Task: From start to end, write out the following data exactly, apart from its images.

Recorded information:
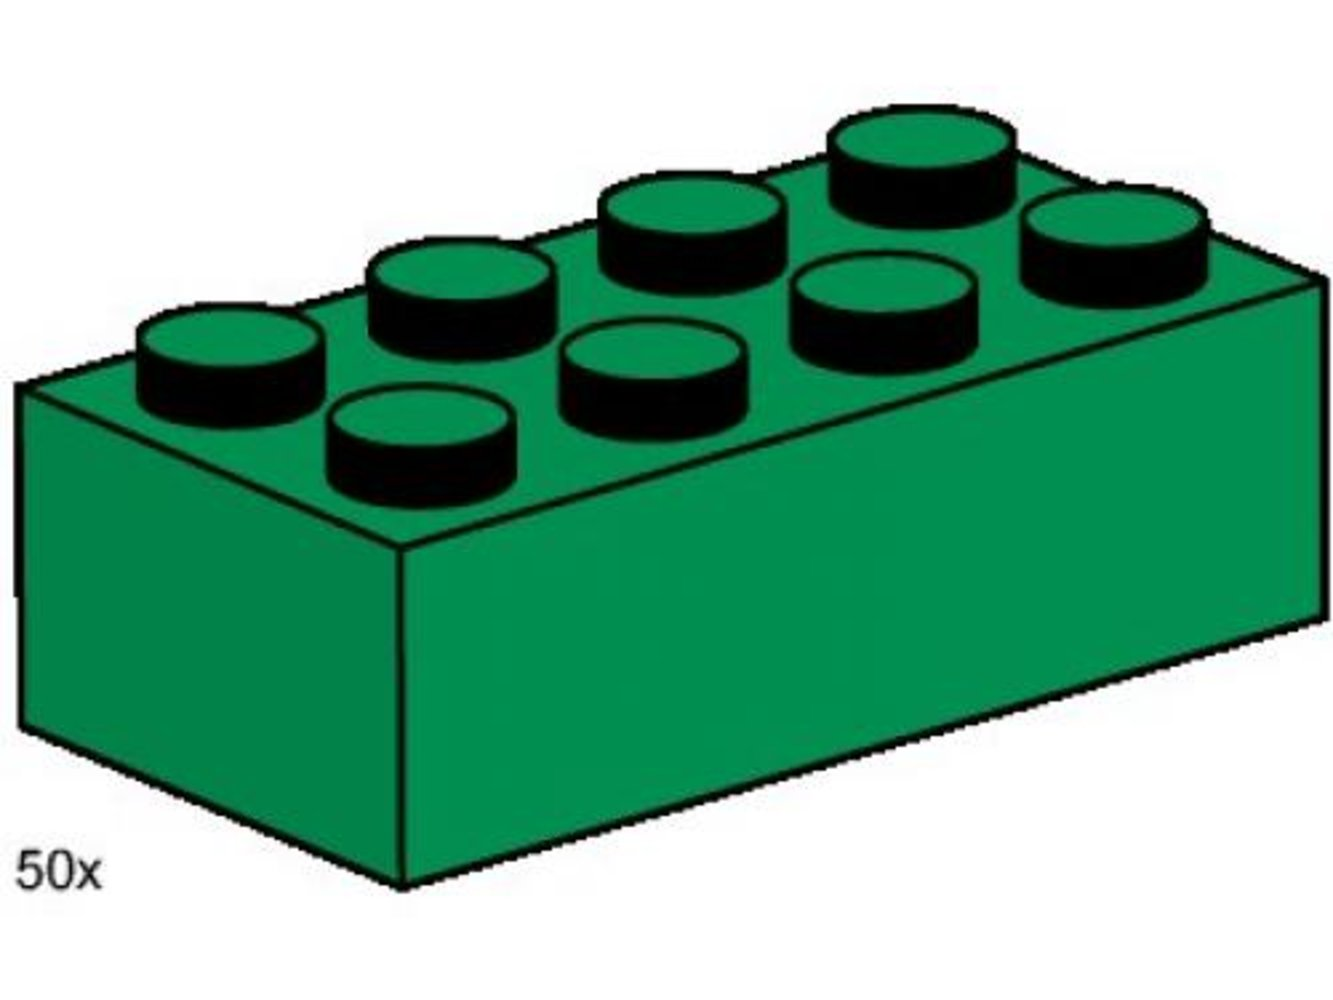 2 x 4 Dark Green Bricks
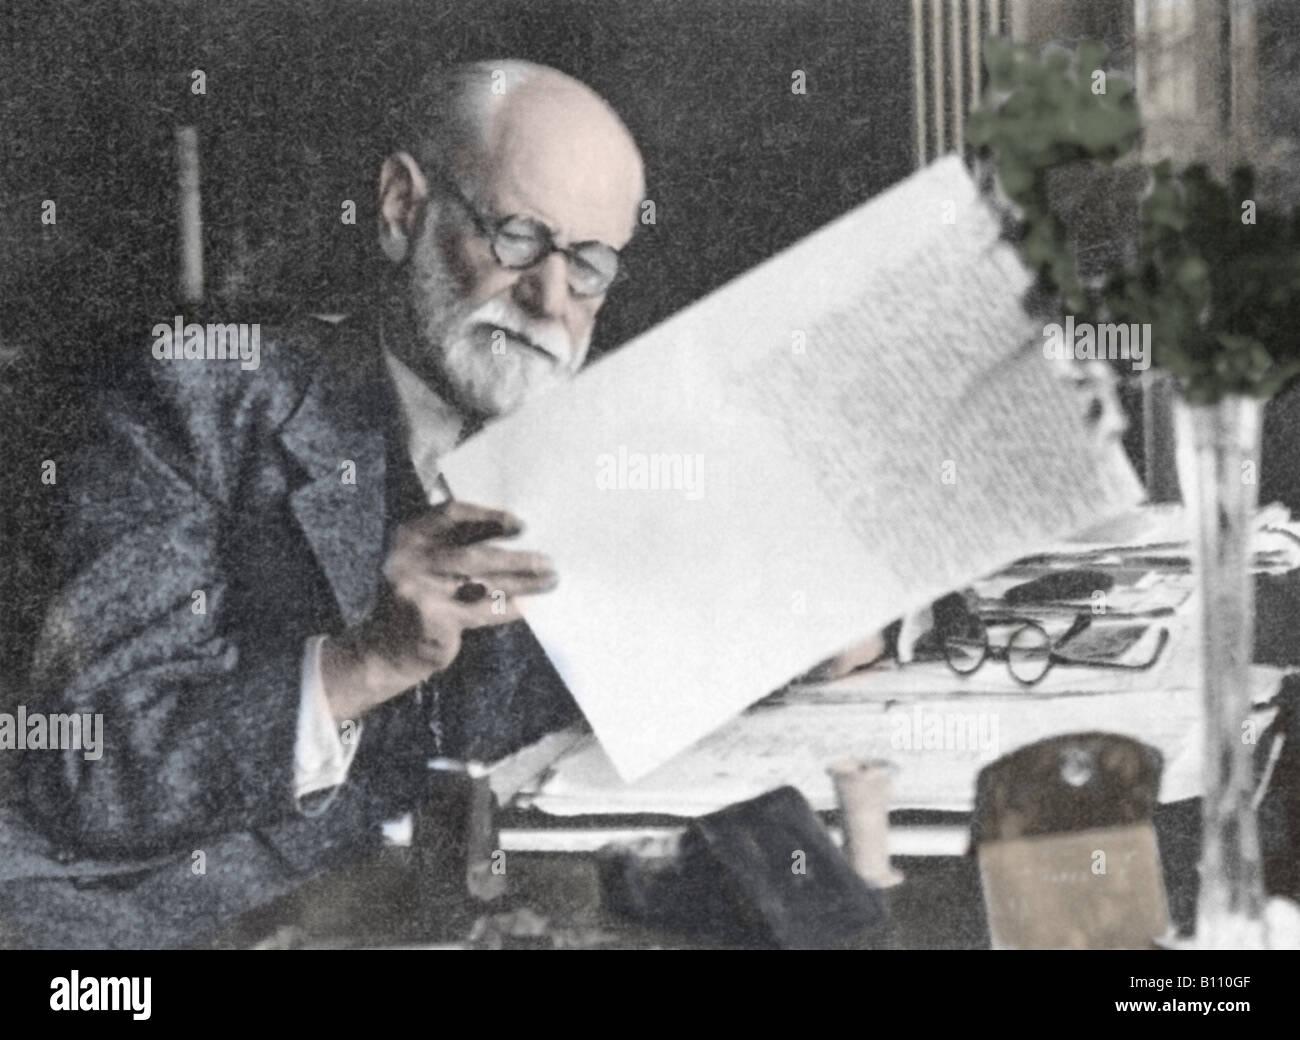 Sigmund Freud, 1856 - 1939, Austrian psychologist. Stock Photo
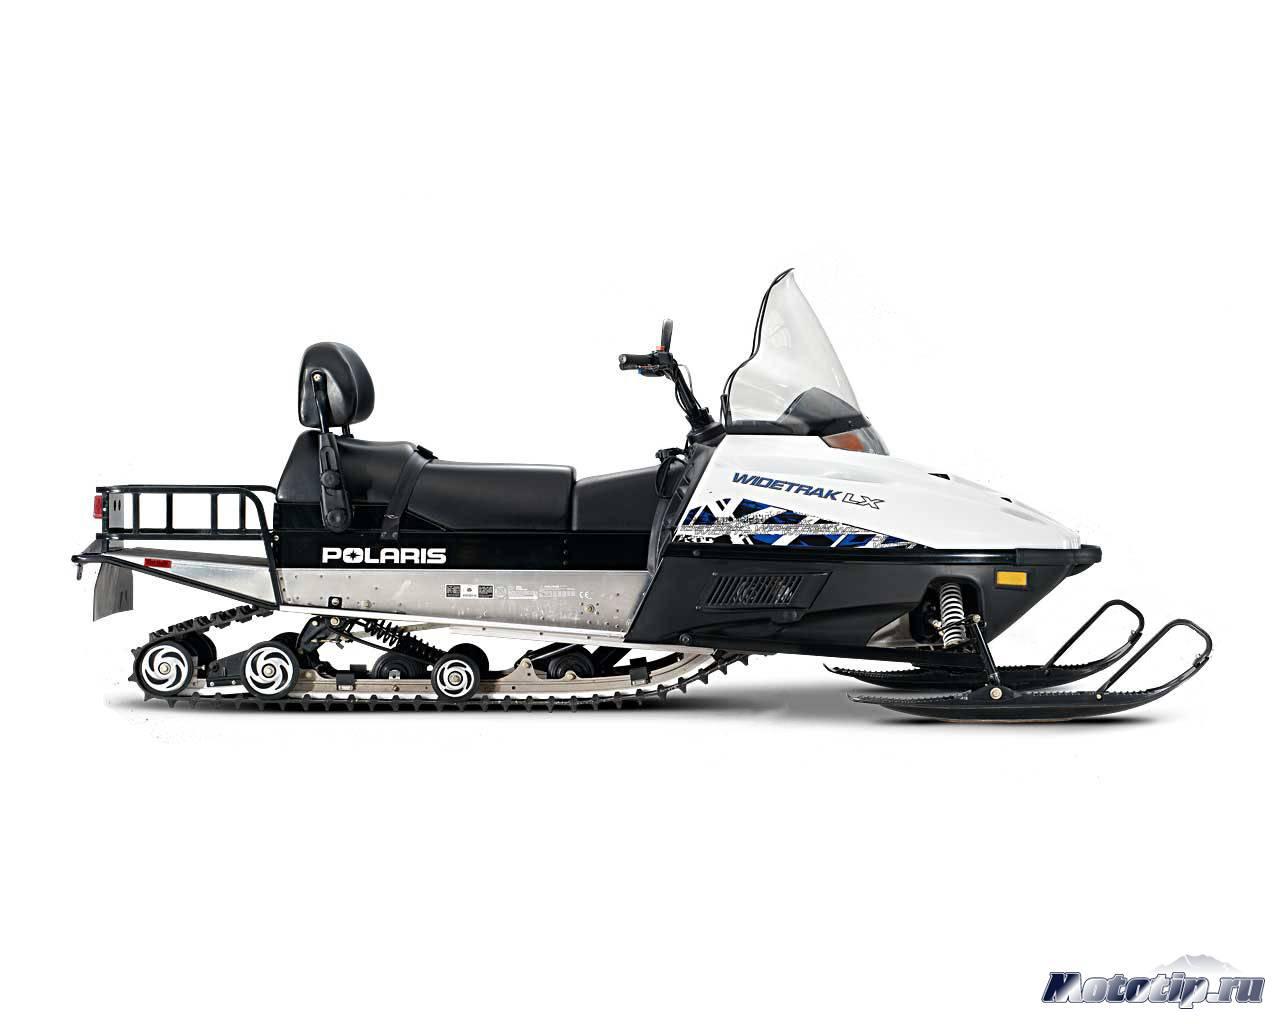 СНЕГОХОД POLARIS 500 WIDETRAK LX  Артмото - купить квадроцикл в украине и харькове, мотоцикл, снегоход, скутер, мопед, электромобиль
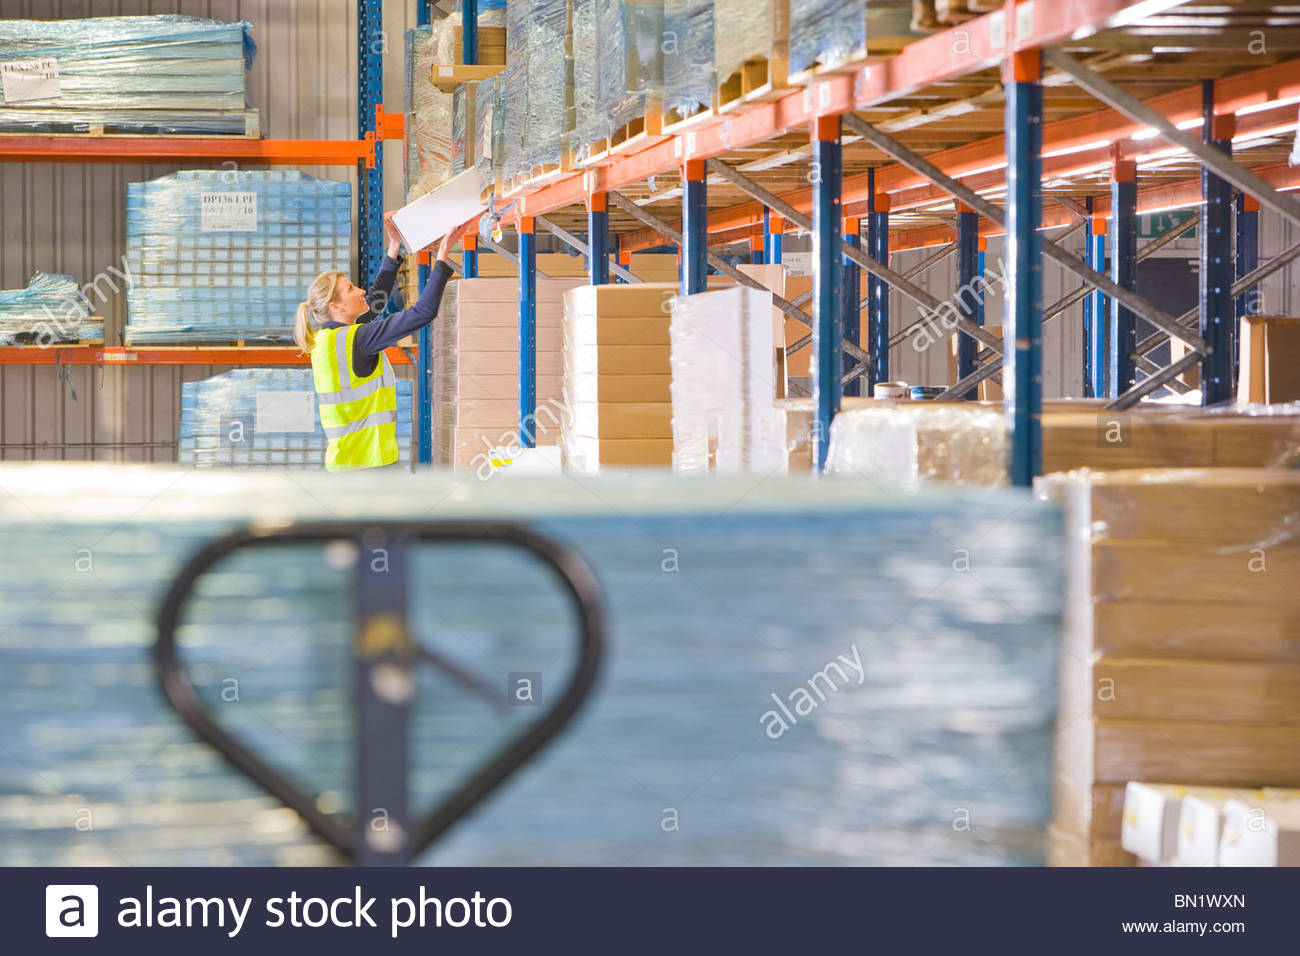 Female warehouse worker lifting box from shelf - Stock Image

Your solution:
 2 x 4 Dark Green Bricks
 Sigmund Freud, 1856 - 1939, Austrian psychologist. Stock Photo
 СНЕГОХОД POLARIS 500 WIDETRAK LX  Артмото - купить квадроцикл в украине и харькове, мотоцикл, снегоход, скутер, мопед, электромобиль
 Female warehouse worker lifting box from shelf - Stock Image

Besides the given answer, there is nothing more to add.